Alright, folks, gather 'round because we're diving into a flavor explosion with this Grilled Lime-Marinated Flat Iron Steak! Picture this: tender, juicy flat iron steak soaking up all that zesty goodness from a tangy lime marinade.


1/3 C. lime juice (about 4 limes)

2 T. soy sauce

2 green onions thinly sliced (about 1/3 cup)

2 T. minced fresh ginger 

1/2 t. red pepper flakes

1-1/2 lb. flat iron steak 

vegetable oil for grates or grill pan

coarse salt and fresh ground pepper, to taste


To Serve:

IP Cuban Style Black Beans and Rice (Optional)



  1. Combine the lime juice, soy sauce, green onions, ginger and red pepper flakes in a resealable plastic bag. 

  2. Lightly score steak in a cross-hatch manner on both sides.

  3. Add the steak to a Ziplock bag and press out all the air and seal.  Place the bag in a dish to protect against leakage.  Marinate for at least 30 minutes or overnight in the refrigerator. 

  4. Heat an outdoor grill, contact grill, or indoor grill pan to medium high. Lightly oil pan or grill grates.
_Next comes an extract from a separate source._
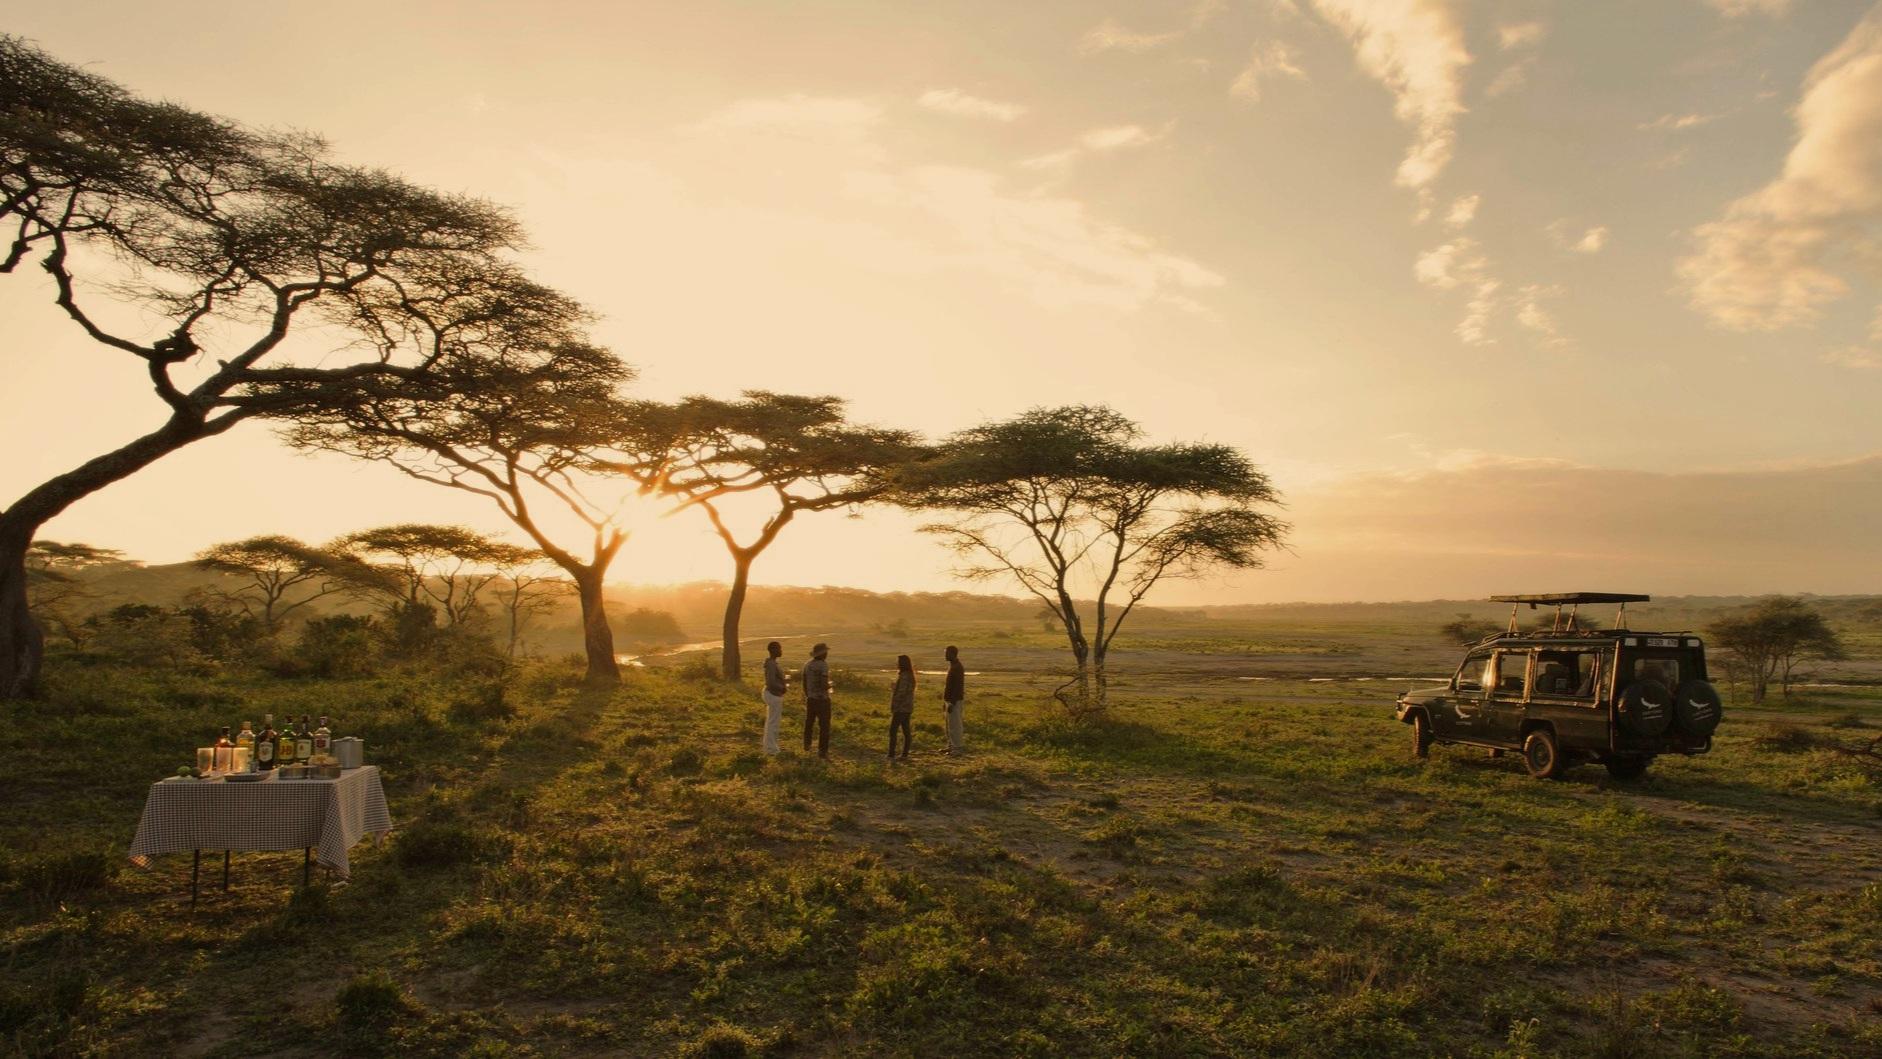 serengeti safaris - best mobile camp safaris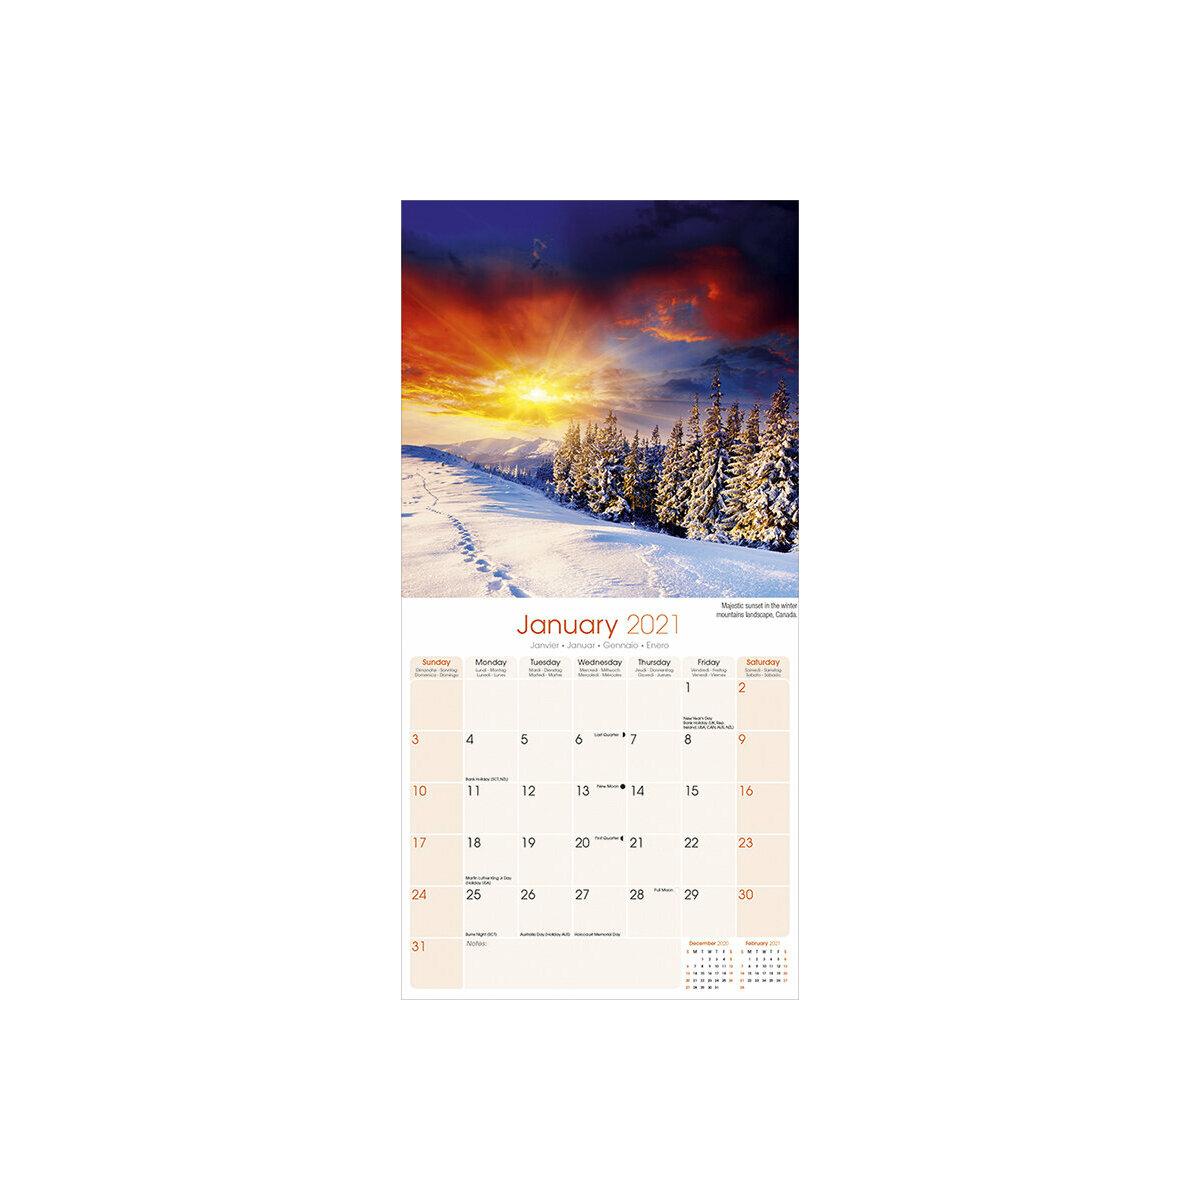 Calendrier 2021 Lever Et Coucher Du Soleil Calendrier 2021 Coucher de soleil

  5. Remove the steak from the marinade and let the excess marinade drip off.  Pat dry with a paper towel. Season to taste with salt and pepper.  Place the steak on the grill; cover and cook, turning once until the meat has reached the desired doneness, 6-8 minutes (depending on thickness of steak) for medium rare.  Let the steak rest for 10 minutes before slicing thin across the grain. Serve with Cuban Style Black Beans and Rice if desired. Enjoy!


Flat iron steak is the second-most tender steak cut available. It is known for its rich, beefy taste.  Similar cuts to the flat iron steak are the butler steak in the UK or the oyster blade steak found in New Zealand and Australia. Book steak, shoulder top blade steak, and petite steak are just a few other cuts found in various regions around the world that seem to resemble the flat iron steak. 

Tip: For rare, temperature should be 120°F to 125°F, around three minutes per side; medium rare is 135°F, three to four minutes per side; medium, 140°F, four to five minutes per side; medium well, 150°F, five to six minutes per side; and well-done, 160°F to 175°F, six to seven minutes per side.